V.
So none but she knows to bemone
This equal virgins fate,
None but LUCASTA can her crowne
Of glory celebrate.
VI.
Then dart on me (CHAST LIGHT)<28.2> one ray,
By which I may discry
Thy joy cleare through this cloudy day
To dresse my sorrow by.
<28.1> This lady was probably the wife of a descendant of
Sir William Barnes, of Woolwich, whose only daughter and heir,
Anne, married the poet's father, and brought him the seat in Kent.
See GENTS. MAGAZINE for 1791, part ii. 1095.
<28.2> A translation of LUCASTA, or LUX CASTA, for the sake of the metre.
UPON THE CURTAINE OF LUCASTA'S PICTURE,
IT WAS THUS WROUGHT.<29.1>
Oh, stay that covetous hand; first turn all eye,
All depth and minde; then mystically spye
Her soul's faire picture, her faire soul's, in all
So truely copied from th' originall,
That you will sweare her body by this law
Is but its shadow, as this, its;—now draw.

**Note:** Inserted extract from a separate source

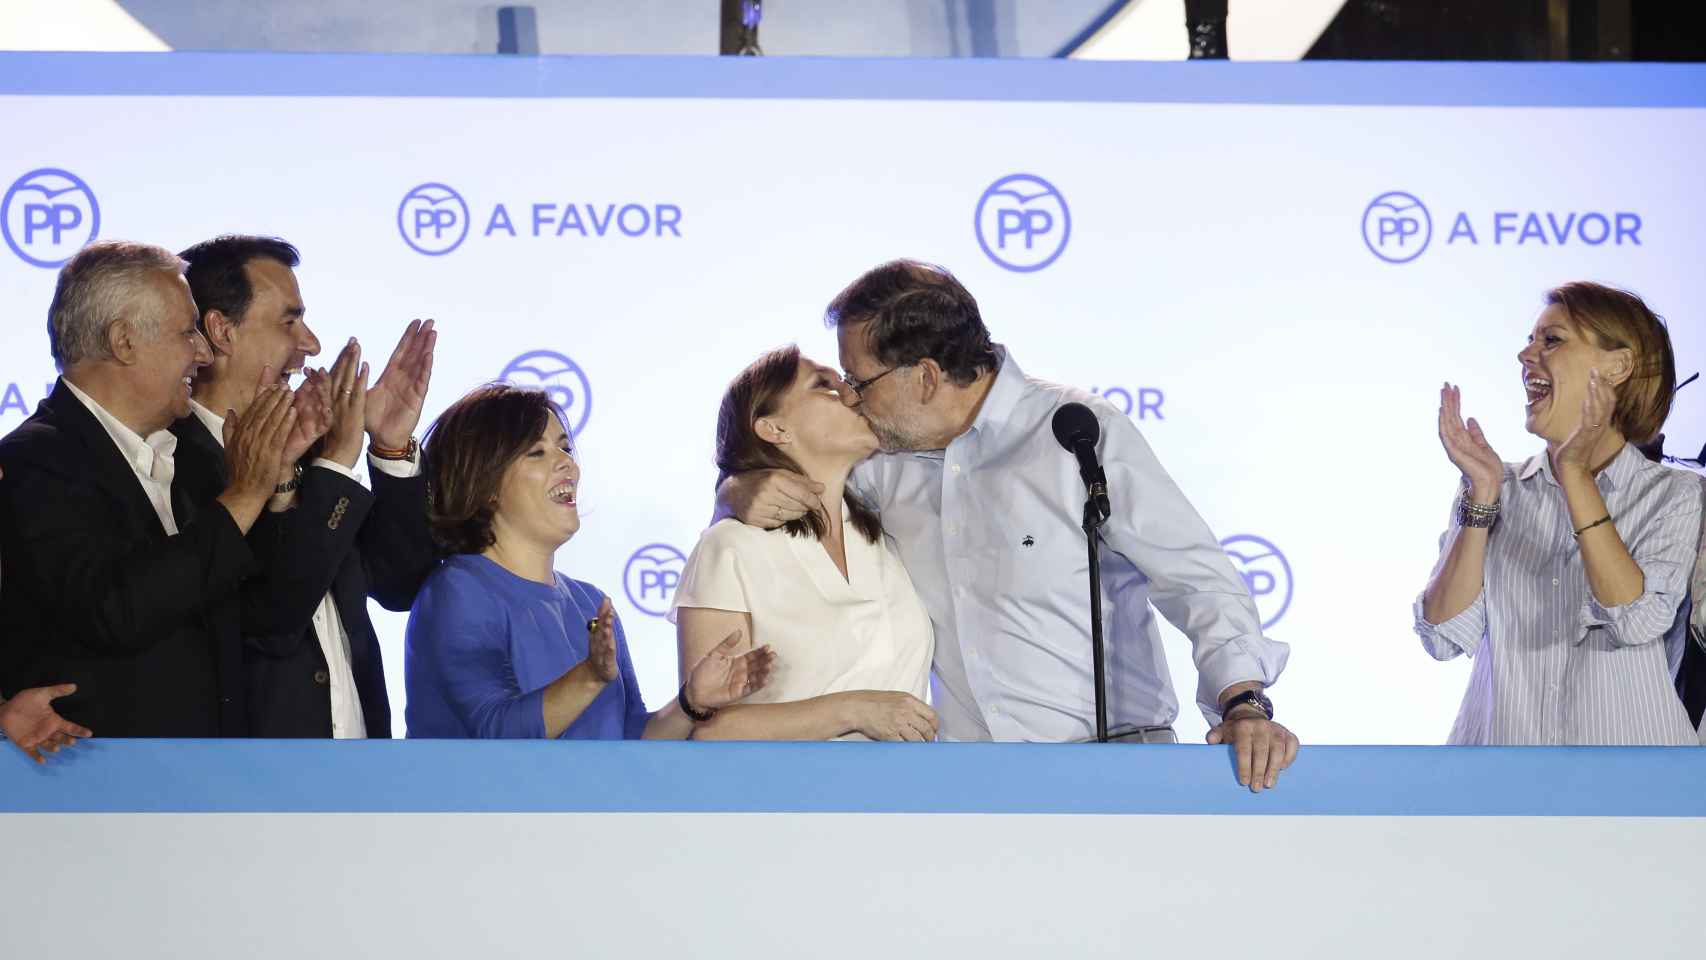 Rajoy y Elvira se besan ante la cara de sorpresa de Arenas, Maillo, Soraya y Dolores de Cospedal

<29.1> Pictures used formerly to have curtains before them. It is still done in some old houses. In WESTWARD HOE, 1607, act ii. scene 3, there is an allusion to this practice:—
"SIR GOSLING. So draw those curtains, and let's see the
pictures under 'em."—Webster's WORKS, ed. Hazlitt, i. 133.
LUCASTA'S WORLD. EPODE.
I.
Cold as the breath of winds that blow
To silver shot descending snow,
Lucasta sigh't;<30.1> when she did close
The world in frosty chaines!
And then a frowne to rubies frose
The blood boyl'd in our veines:
Yet cooled not the heat her sphere
Of beauties first had kindled there.